Sift 600g (1 lb 5 oz) of the flour into a large bowl with the salt. Add the mashed potatoes and rub them into the flour with your fingertips until well blended. Add the yeast to the mixture and stir it in well.
Measure 300ml (10 fl oz) of the potato cooking water, which should be tepid. Add the treacle and stir until dissolved. Pour this mixture into the flour mixture and mix well to combine. It is easiest to do this with your hands. Work in as much of the remaining flour as needed to give a soft but not sticky dough.
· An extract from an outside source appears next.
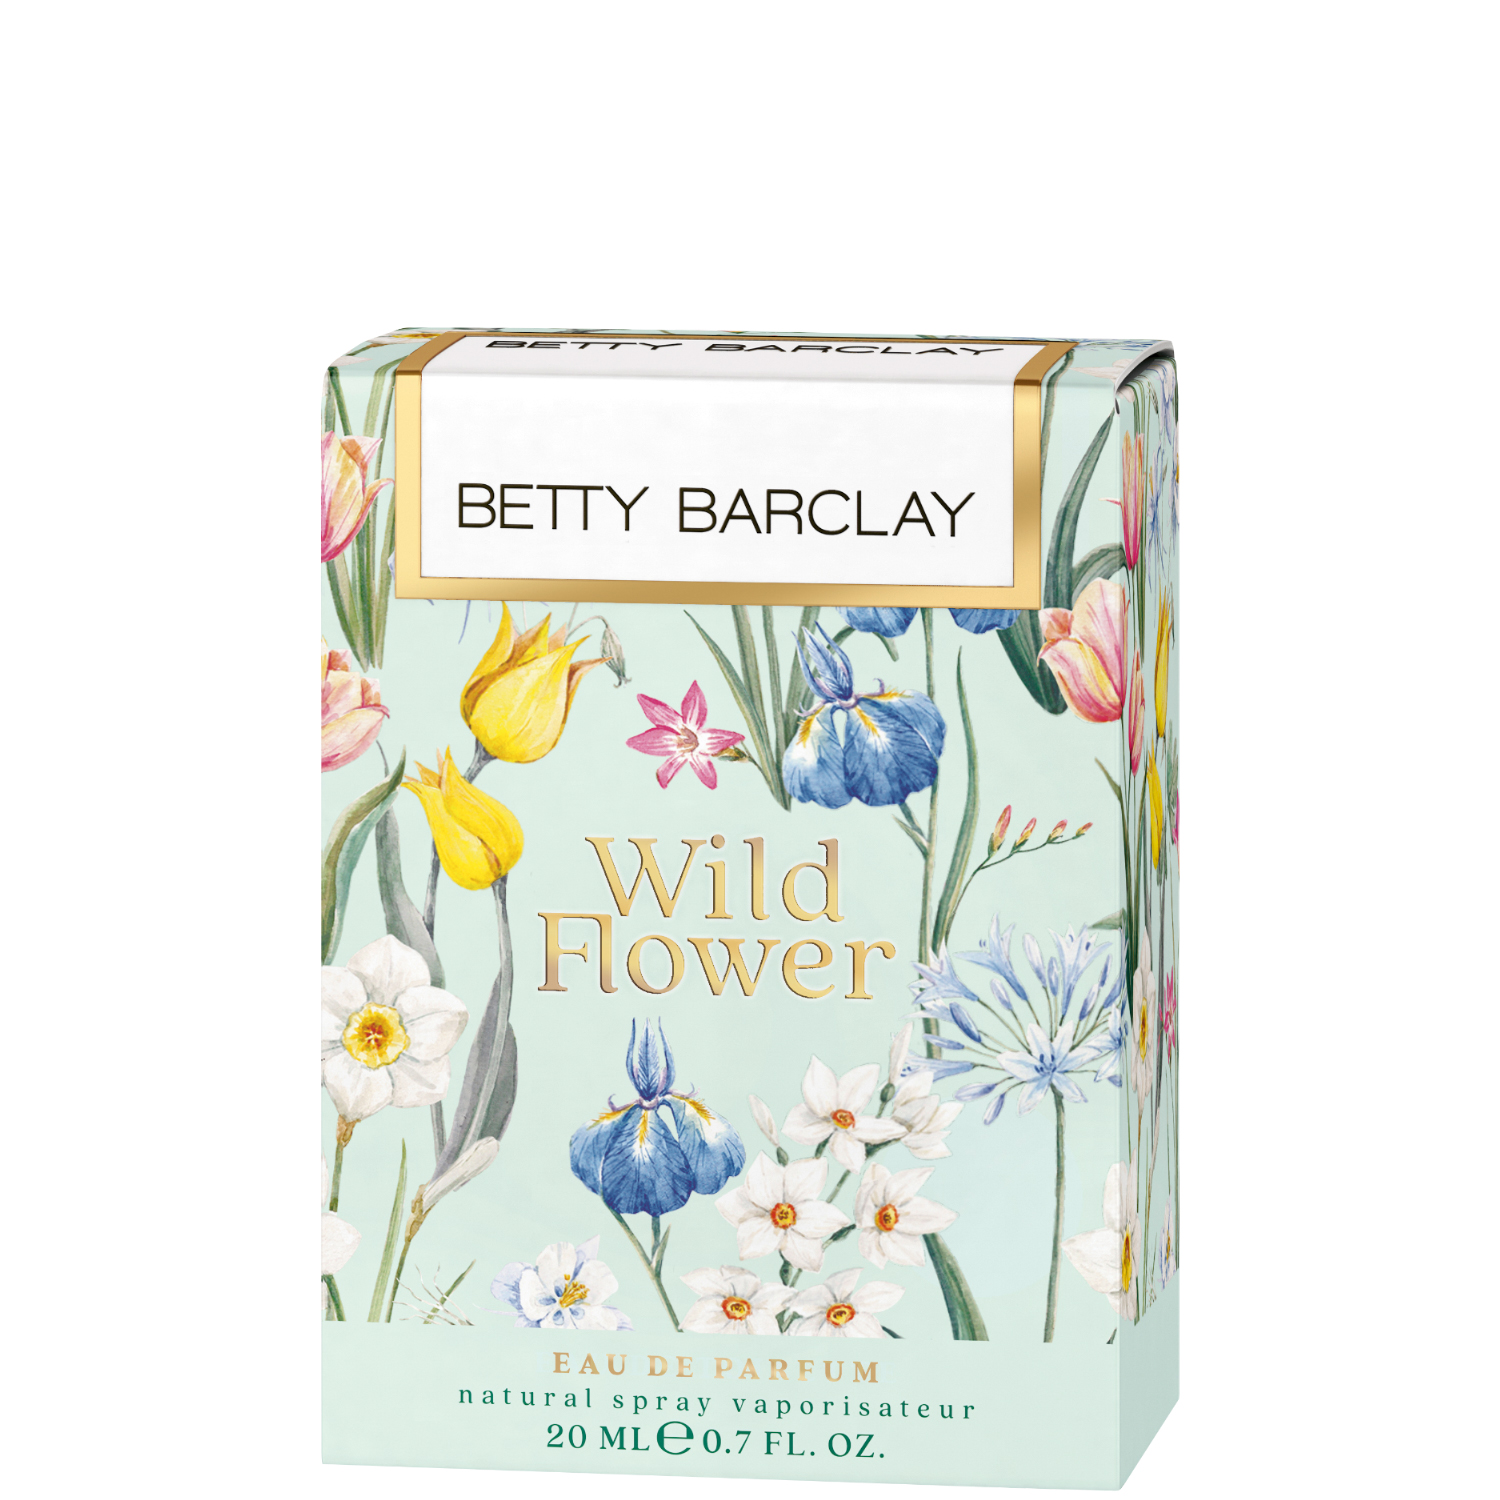 Betty Barclay Wild Flower Eau de Parfum 20ml

Turn out onto a floured surface and knead for 5–10 minutes or until smooth and quite elastic. Put the dough in a large greased bowl and cover with a tea-towel. Leave to rise in a warm place for about 40 minutes or until increased by about one and a half times in size.
Turn out the dough onto the floured surface again and knock it back, then knead for about 3 minutes. Divide the dough in half and shape each piece into a loaf. Place the loaves in 2 well-greased 450g (1 lb) loaf tins. Cover again with the tea-towel and leave to rise in a warm place for about 20 minutes.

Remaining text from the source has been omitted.